◆ **The problem**
Give back the full listing, character for character, with no pictures.

◆ **Dataset extract**
───
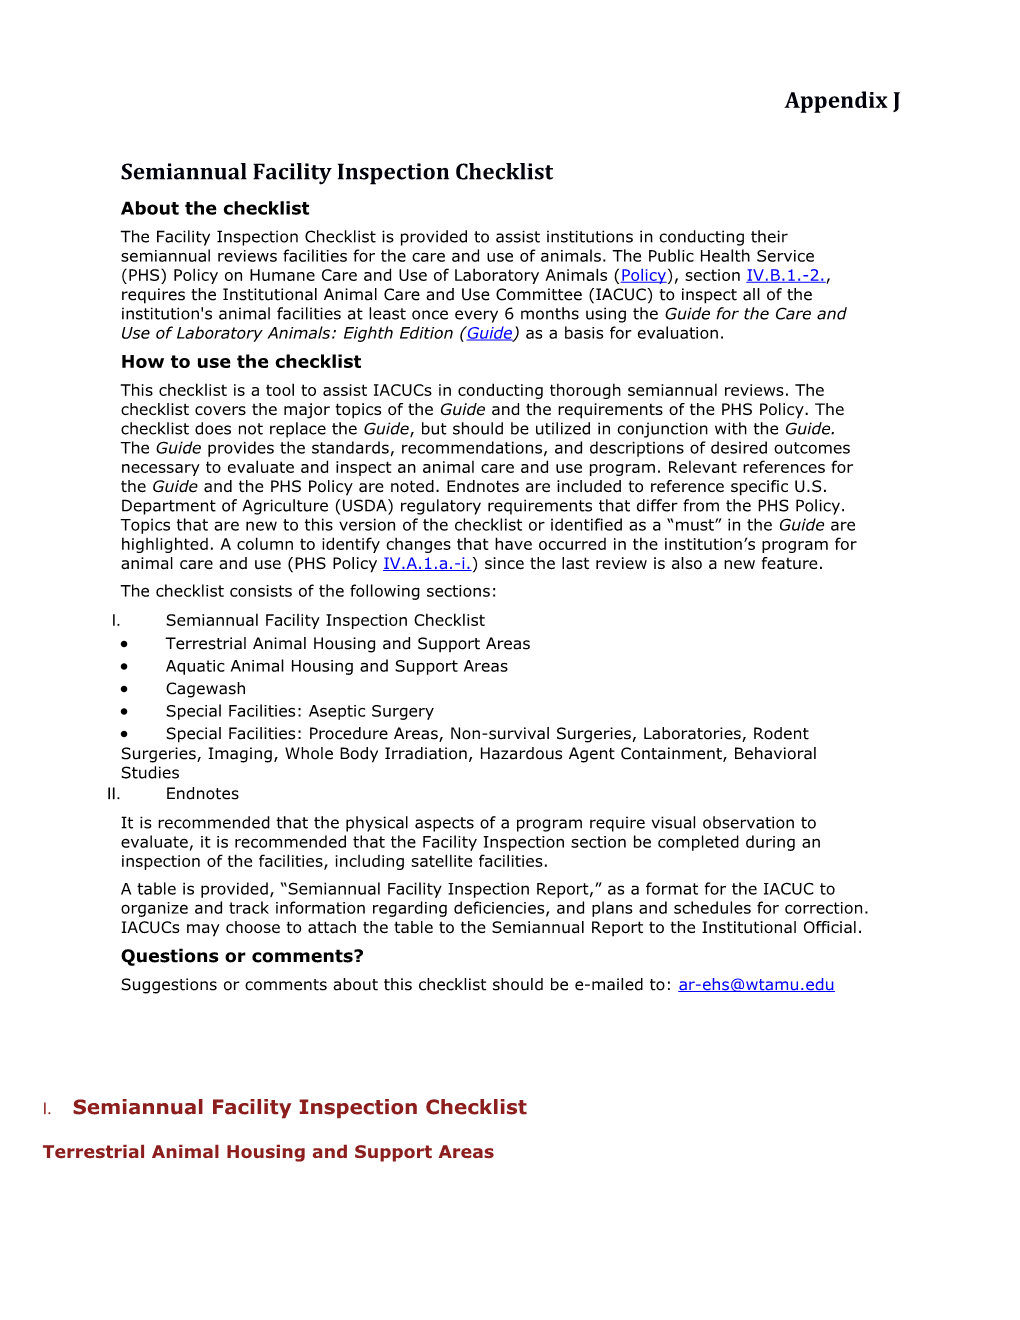 Semiannual Facility Inspection Checklist
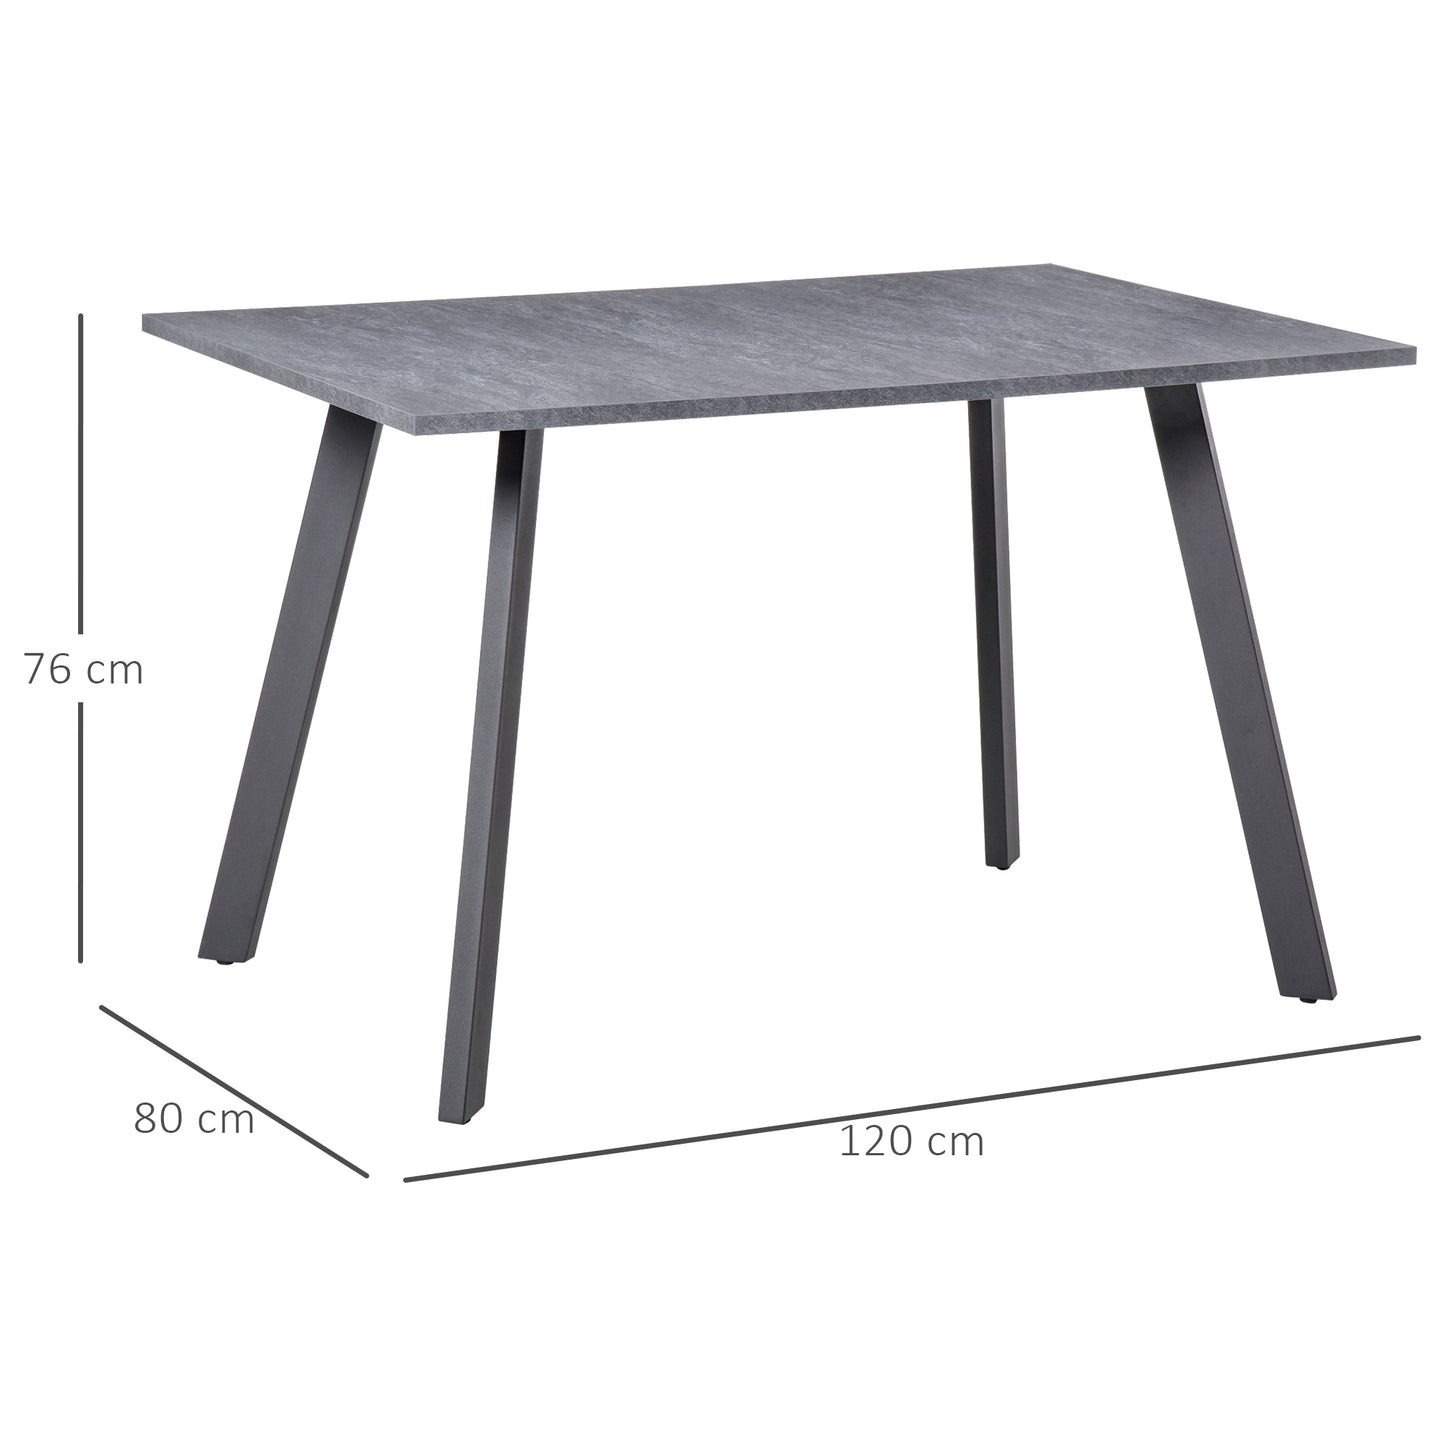 HOMCOM Modern Rectangular Dining Table Indoor w/ Metal Legs Spacious Tabletop Dark Grey
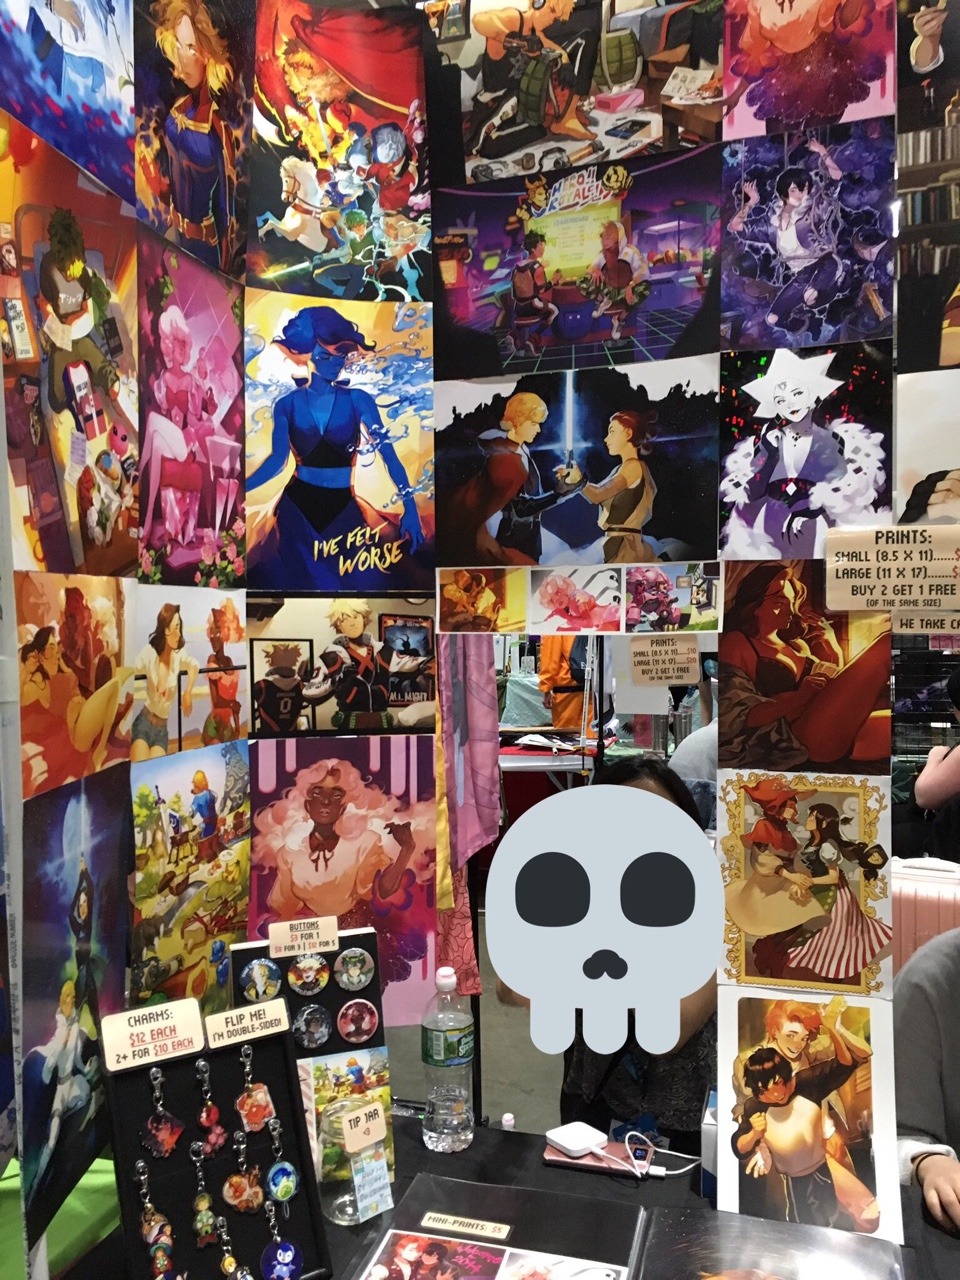 Anime Boston Artist Alley
───
◆ **Output of the exercise**
 Semiannual Facility Inspection Checklist
 HOMCOM Modern Rectangular Dining Table Indoor w/ Metal Legs Spacious Tabletop Dark Grey
 Anime Boston Artist Alley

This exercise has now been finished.